To open an account, check with your banker to find out what is necessary. Depending on your location you may need different documentation. If you are a sole proprietor and working under your own name, you may need nothing at all. But if you have a business with a different name you may need a business license, of fictitious name registration or more. Your banker will be able to give you all that information.
Save Your Receipts
Save them all. Even with the bank account and a monthly statement you need to keep accurate records for the IRS. And you have to keep them for three years from the date you filed your taxes.
I like to make a note on my receipts to which category these will be filed under. It just makes everything easier at tax time. Make sure you keep all those receipts in a file or shoebox if you would like.

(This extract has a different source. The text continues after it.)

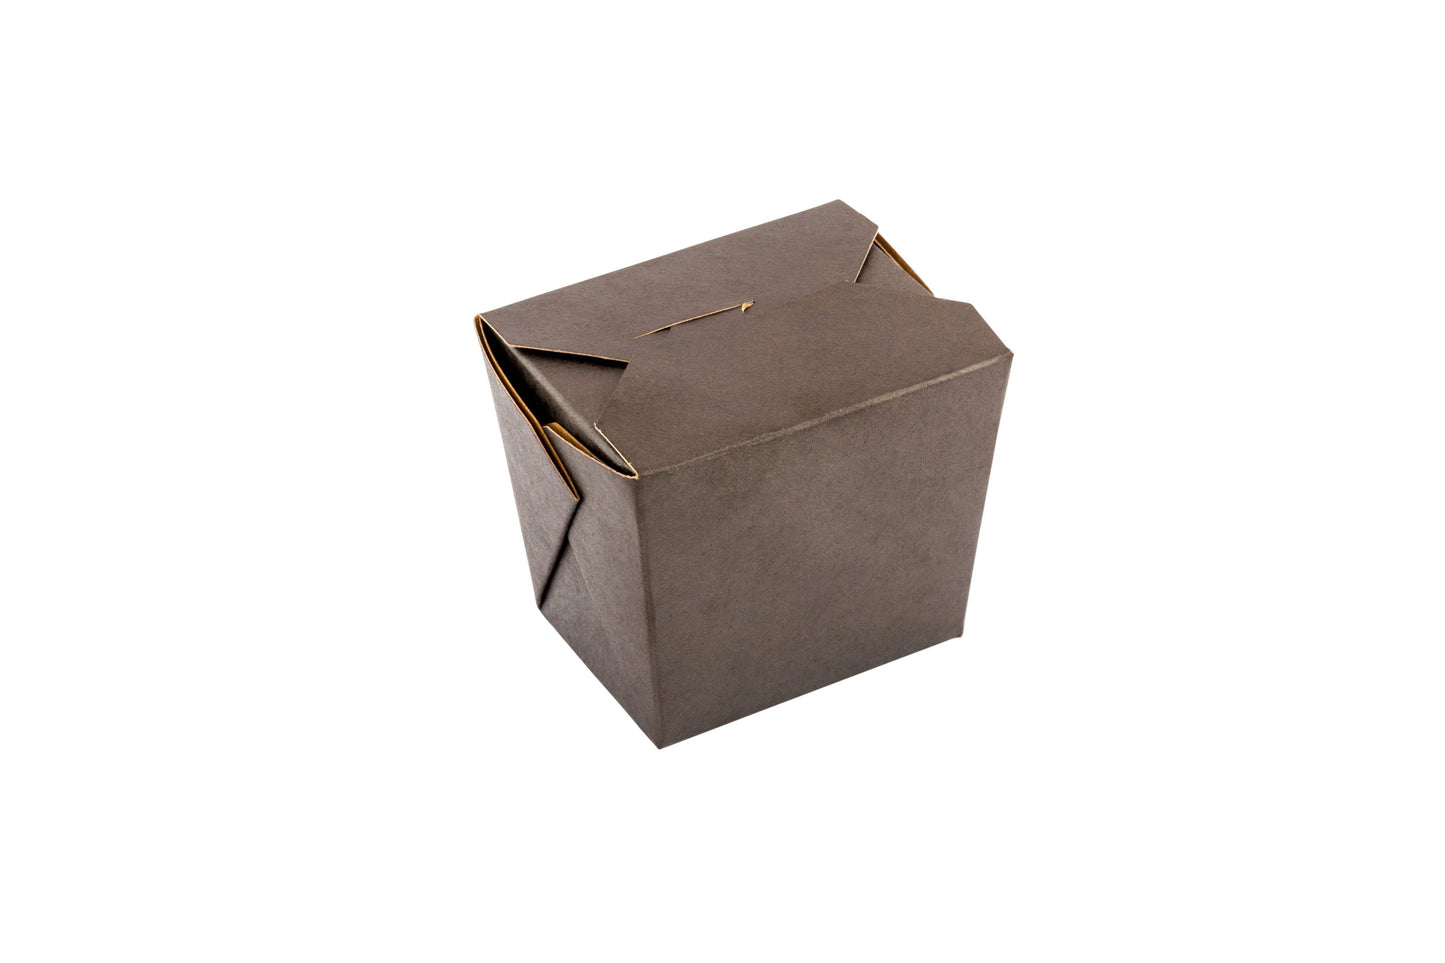 Bio Tek 8 oz Black Paper Square Noodle Take Out Container - 2 3/4" x 2 1/4" x 2 1/2" - 200 count box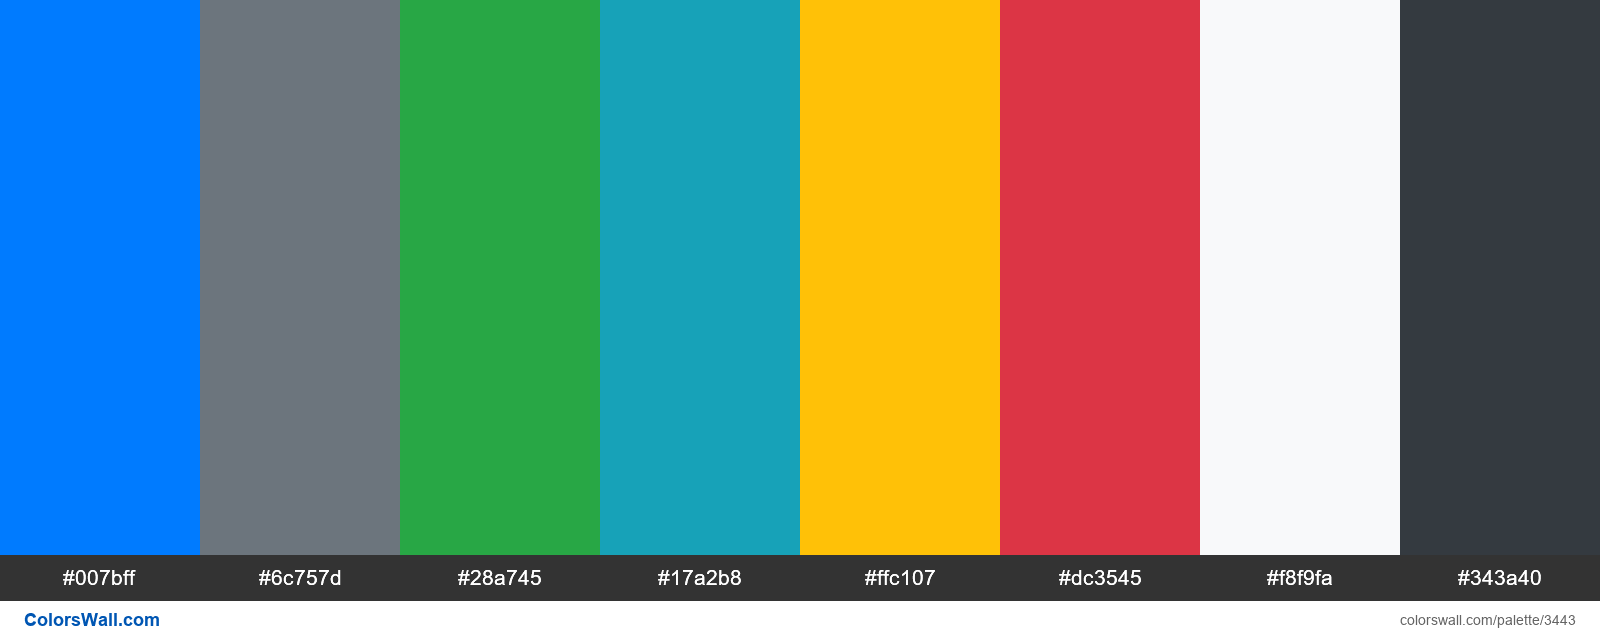 bs4/theme-colors - #3443

I’m keeping more things on my computer and like to scan my receipts. You can use any scanner to do that but I found a dedicated receipts scanner to work much easier. A couple years ago I bought myself the NeatReceipts scanner. It’s small and doesn’t take up very much room on my desk and so far it’s been working pretty well. I hold my receipts until the end of the week and then sit down to scan them all at one time. Everything goes directly into a file on my computer and I’m done. That doesn’t mean I throw away my receipts, I keep them for backup. 😉
Working from home– and for yourself– brings a whole another layer of complexity but don’t let it scare you. Talking with the professional and setting up your business right, to begin with, will make it a whole lot easier. And you definitely want to be able to deduct those business expenses from your income so you can keep more of it.